[COLLECTED DATA]
+ + + + +

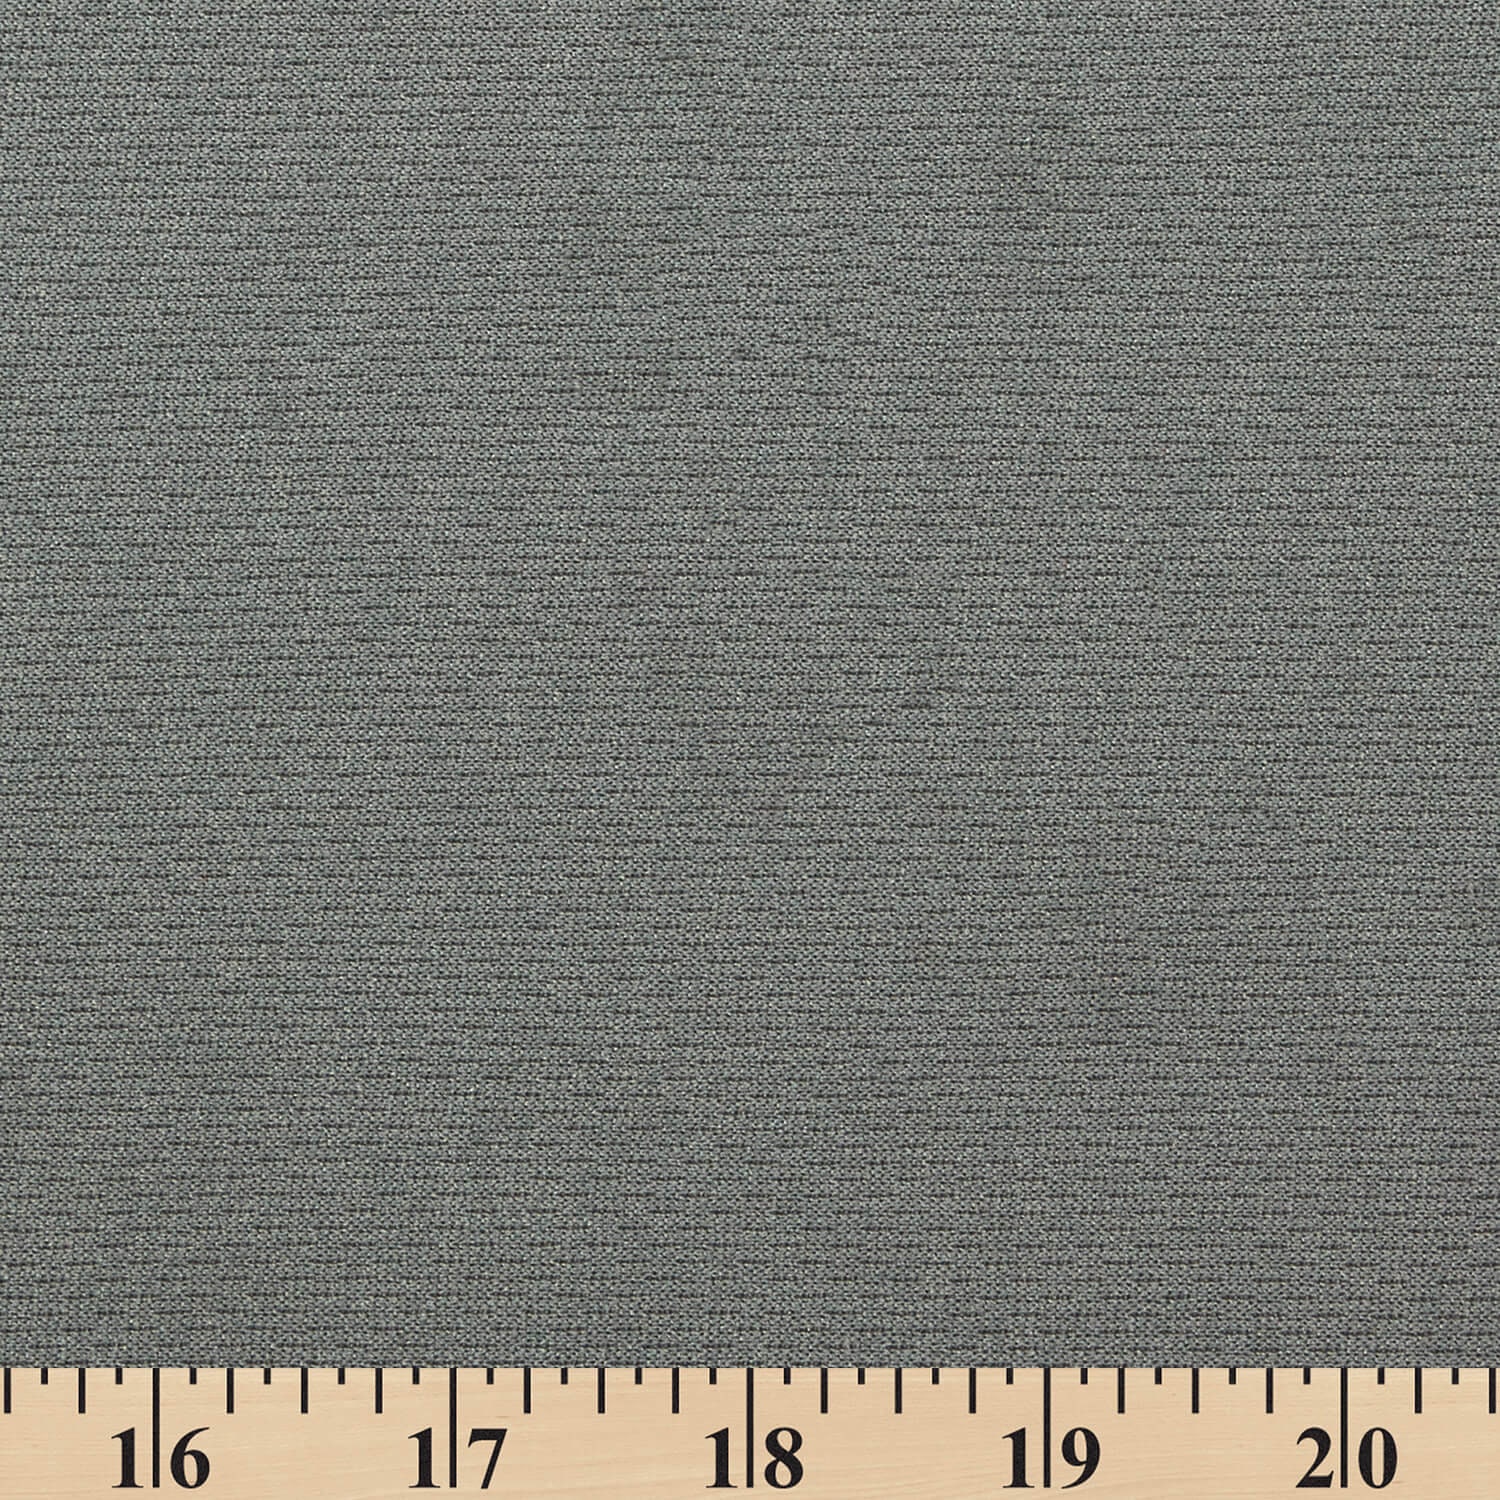 Mottled Blue-Grey Microfiber Fabric, Upholstery, Heavy Weight, 54 Wide
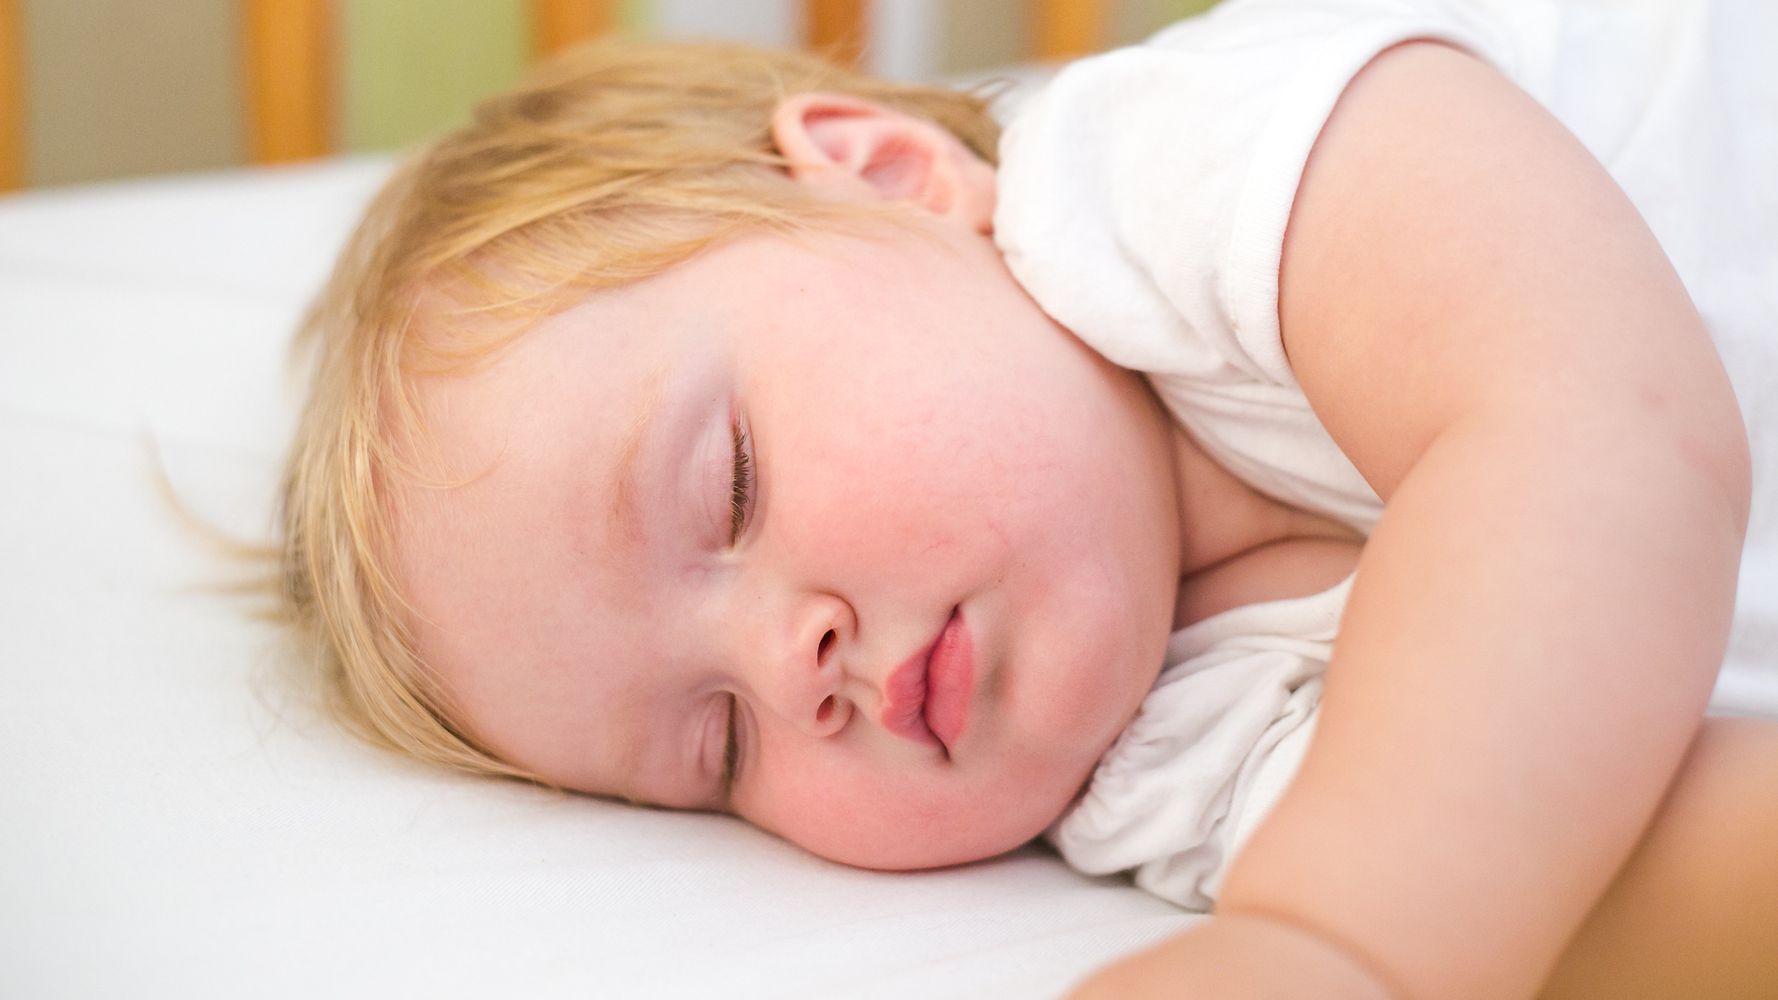 SIDs Risk: Cot Deaths At Record Low But Parents Can Take Steps To ...
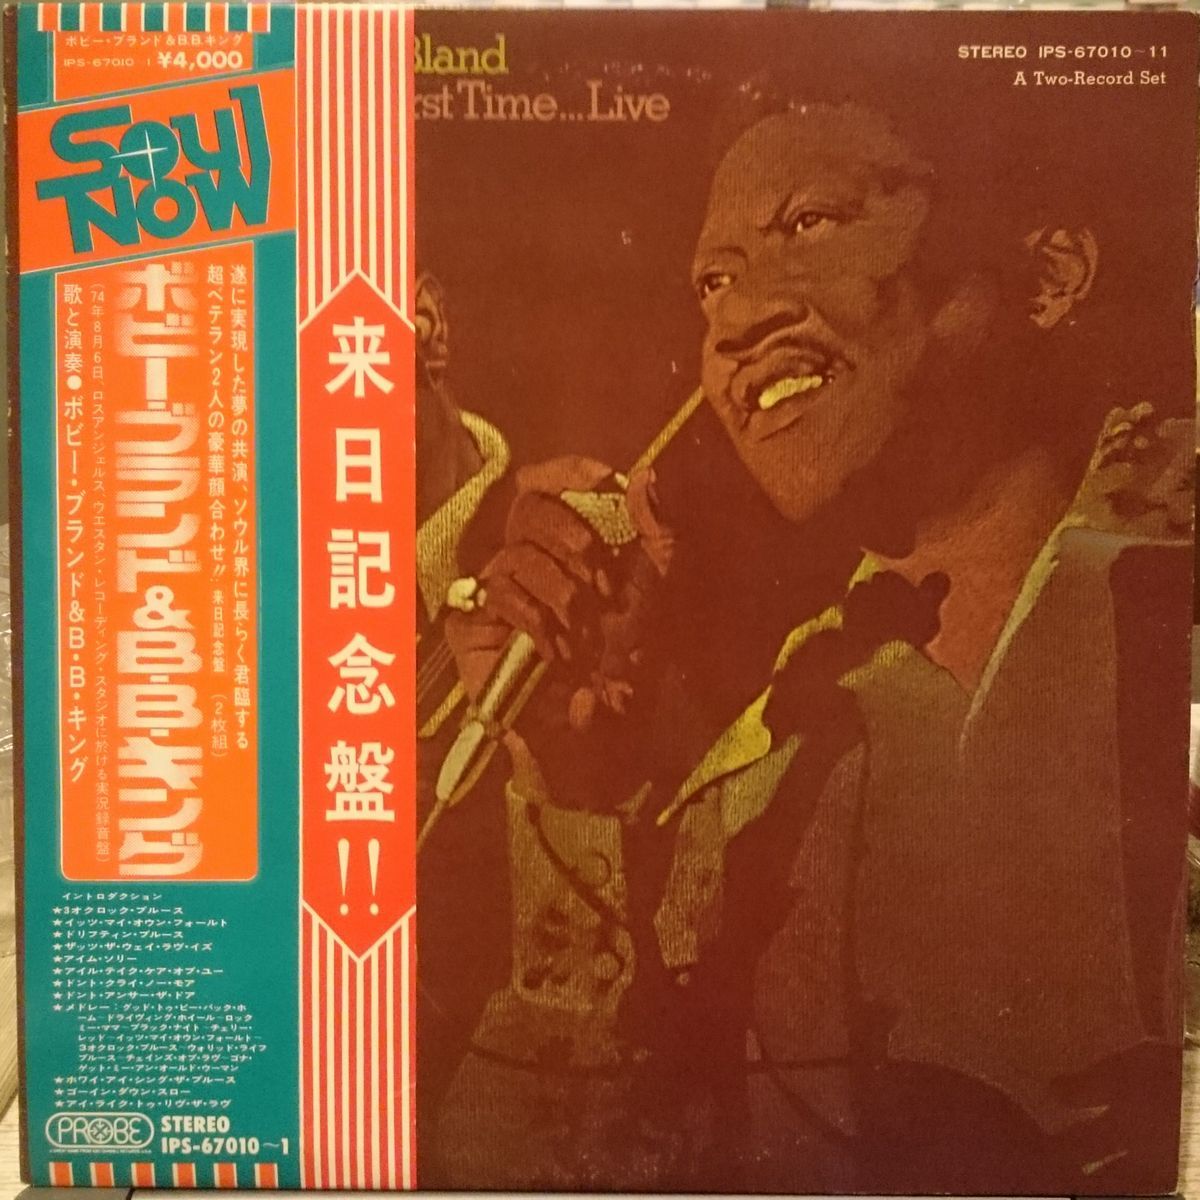 BOBBY BLAND & B.B.KING - Together For The First Time...Live (PROBE ...

+ + + + +

[WORK INSTRUCTION]
Each line of the material is to be output exactly. Images are not part of the expected output.

[EXERCISE RESULT]
 Mottled Blue-Grey Microfiber Fabric, Upholstery, Heavy Weight, 54 Wide
 SIDs Risk: Cot Deaths At Record Low But Parents Can Take Steps To ...
 BOBBY BLAND & B.B.KING - Together For The First Time...Live (PROBE ...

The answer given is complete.